Each year heralds rising concentrations of carbon dioxide and other greenhouse gases in our atmosphere. Agriculture is at least partially responsible for emissions of carbon dioxide, by stimulating losses of soil organic matter and by using fossil fuels directly and indirectly to enhance crop yield. Reducing the contribution of greenhouse gases to the atmosphere is an admirable goal that should be pursued with all vigor, but it will take real reductions in the amount of carbon dioxide accumulating in the atmosphere to avoid the continued onslaught of global warming. Here, we need to be realistic about what agriculture can do to restore carbon to soil organic matter to provide a permanent “sink” for atmospheric carbon dioxide. I will argue that conservation tillage, enhanced use of fertilizer and irrigation, manuring, and applications of biochar and ground silicate rock can reduce carbon dioxide emissions from agriculture, but not carbon dioxide concentrations in the atmosphere. Subsidies for these efforts cannot be justified as offering realistic solutions to a critical global problem.

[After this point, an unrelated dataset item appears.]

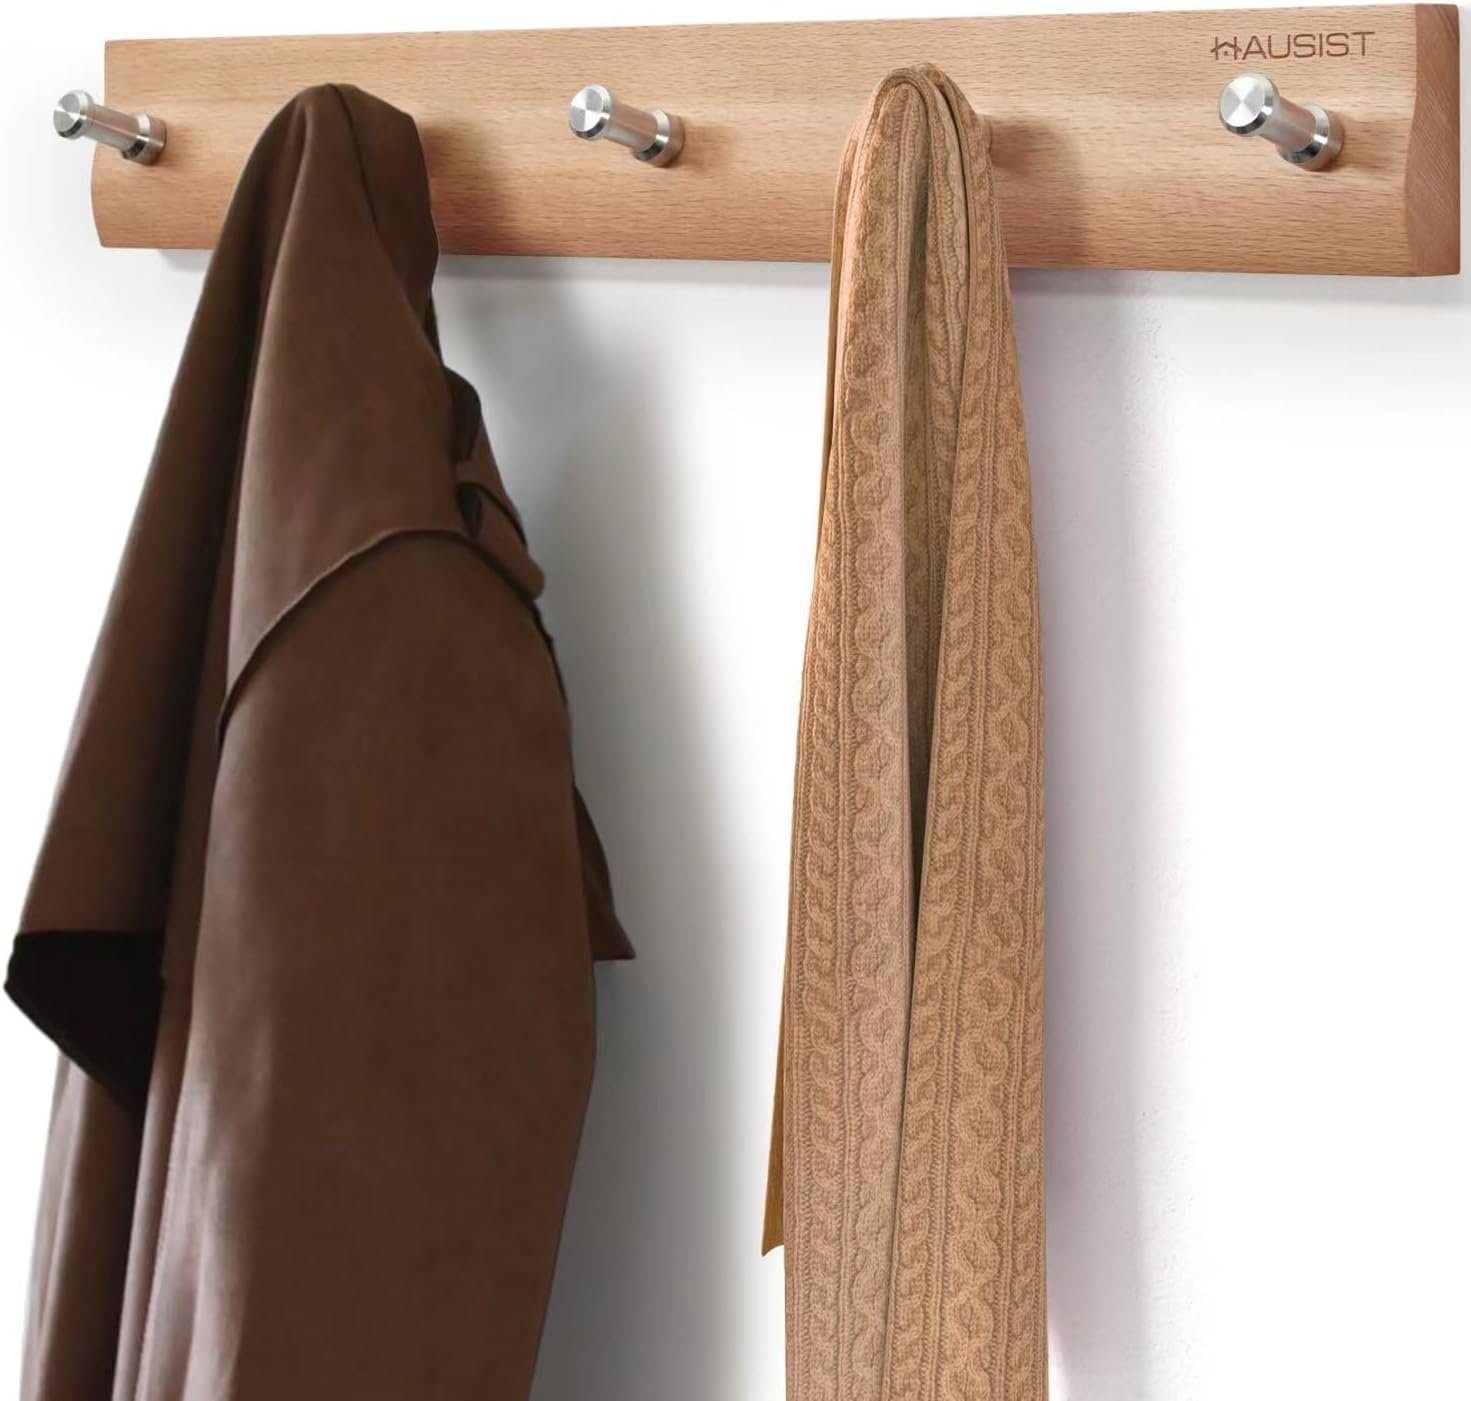 HAUSIST Garderobenhaken Garderobe mit 5 Wandgarderoben aus Wandgarderobe Hakenleiste, Flure, Kleiderhaken, für Edelstahlhaken, Bucheholz Holz

P.V. Vara Prasad is a University Distinguished Professor of Crop Ecophysiology in the Department of Agronomy and Director of Feed the Future Innovation Lab for Collaborative Research on Sustainable Intensification at Kansas State University.
He earned B.S. and M.S. from the Andhra Pradesh Agricultural University (India) and Ph.D. from The University of Reading (U.K.). His research focuses on understanding responses of food crops to changing environments and also developing crop, water and soil management strategies for efficient use of inputs and improve crop yields. He is committed to innovative and collaborative research that provides food and nutritional security to smallholder farmers. He has published >160 journal articles and book chapters; and trained >100 international research scholars and graduate students. He is an elected Fellow of American Society of Agronomy; Crop Science Society of America; and American Association for the Advancement of Science.
"Response of Food Grain Crops to Changing Environments"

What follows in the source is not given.